Jairo Rodrigues

Personal information
- Full name: Jairo Rodrigues Peixoto Filho
- Date of birth: 31 December 1992 (age 33)
- Place of birth: Goiânia, Brazil
- Height: 1.90 m (6 ft 3 in)
- Position: Centre-back

Team information
- Current team: Song Lam Nghe An
- Number: 33

Youth career
- 0000–2008: Goiás EC
- 2009–2010: Santos

Senior career*
- Years: Team / Apps / (Gls)
- 2011–2012: América / 0 / (0)
- 2012–2014: Botev Vratsa / 21 / (0)
- 2014–2015: Trofense / 26 / (1)
- 2015–2017: Neftchi Baku / 33 / (2)
- 2017: Sepahan / 7 / (0)
- 2018: Montedio Yamagata / 2 / (0)
- 2019: Persela Lamongan / 0 / (0)
- 2019: Kerala Blasters / 4 / (0)
- 2020–2021: Fabril Barreiro / 2 / (0)
- 2021: União de Santarém / 12 / (1)
- 2021–2022: Hunedoara / 4 / (1)
- 2023: Khanh Hoa / 14 / (3)
- 2023–2026: Hoang Anh Gia Lai / 73 / (11)
- 2026–: Song Lam Nghe An / 1 / (0)

= Jairo Rodrigues =

Brazilian footballer

Jairo Rodrigues Peixoto Filho (born 31 December 1992) commonly known as Jairo, is a Brazilian professional footballer who plays as a centre-back for V.League 1 club Song Lam Nghe An.

==Career==
Jairo was born in Goiânia.
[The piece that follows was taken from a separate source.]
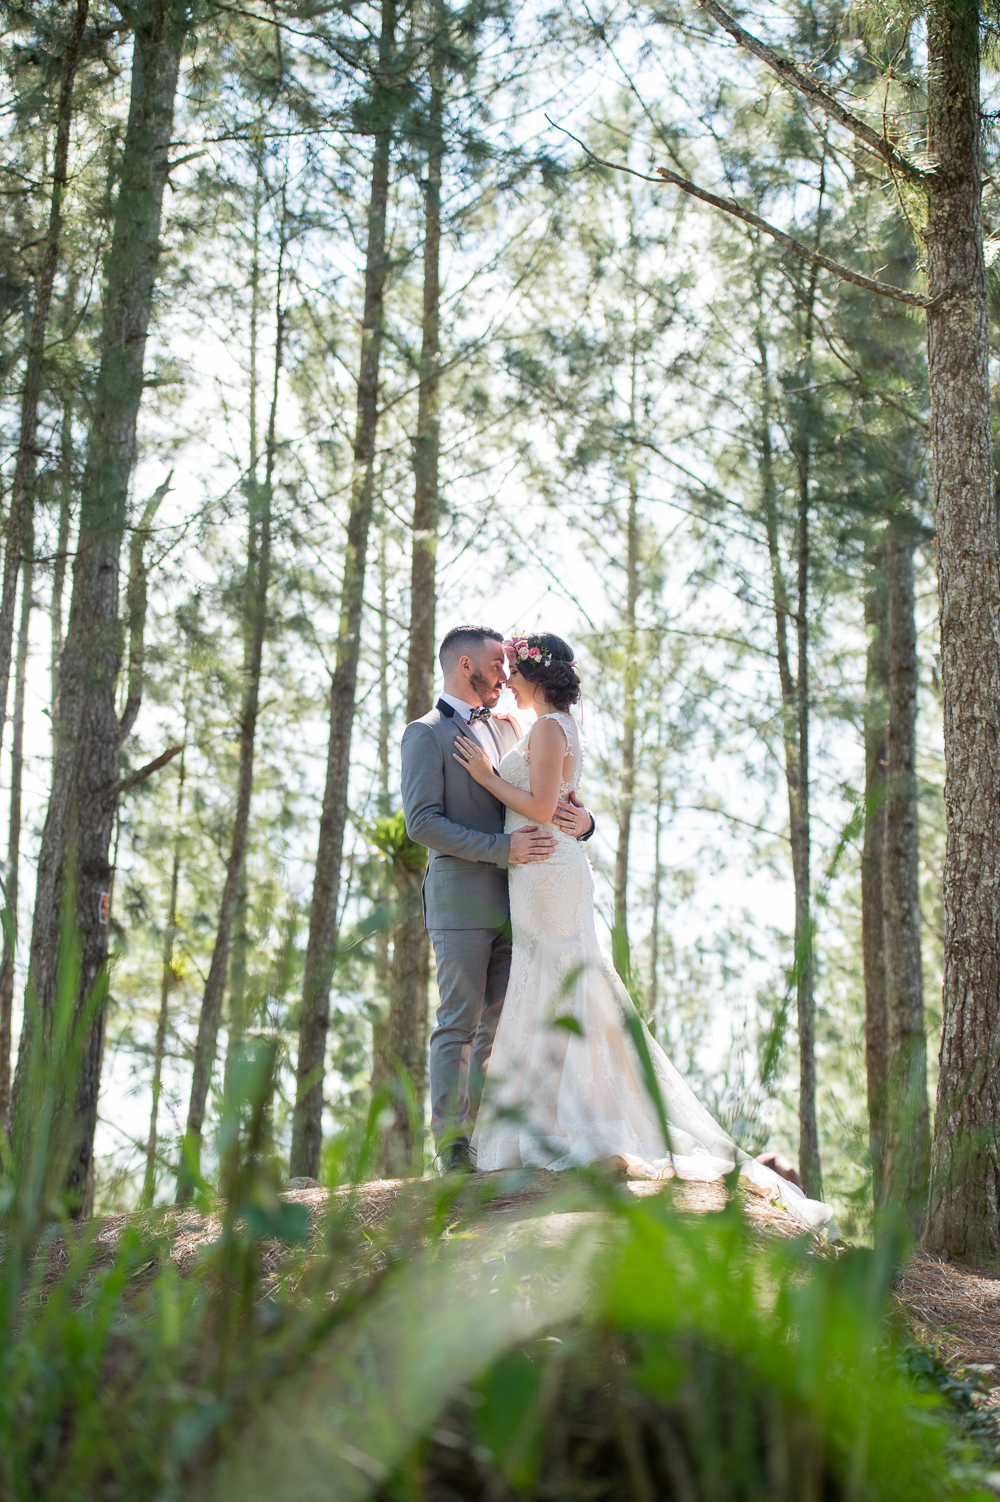 fotografia-bodas-puerto-rico-bosque-pinos-cayey-salinas-2.jpg

As a youth player he played for Goiás and Santos.

In July 2012, it was announced that Jairo had signed a contract with Botev Vratsa in Bulgaria. He made his league debut against Beroe Stara Zagora on 11 August, playing the full 90 minutes.

In August 2014, Jairo signed with Portuguese side Trofense.

On 22 September 2015, Jairo signed a contract with Neftchi Baku until May 2016.

On 20 August 2019, Jairo signed for Kerala Blasters.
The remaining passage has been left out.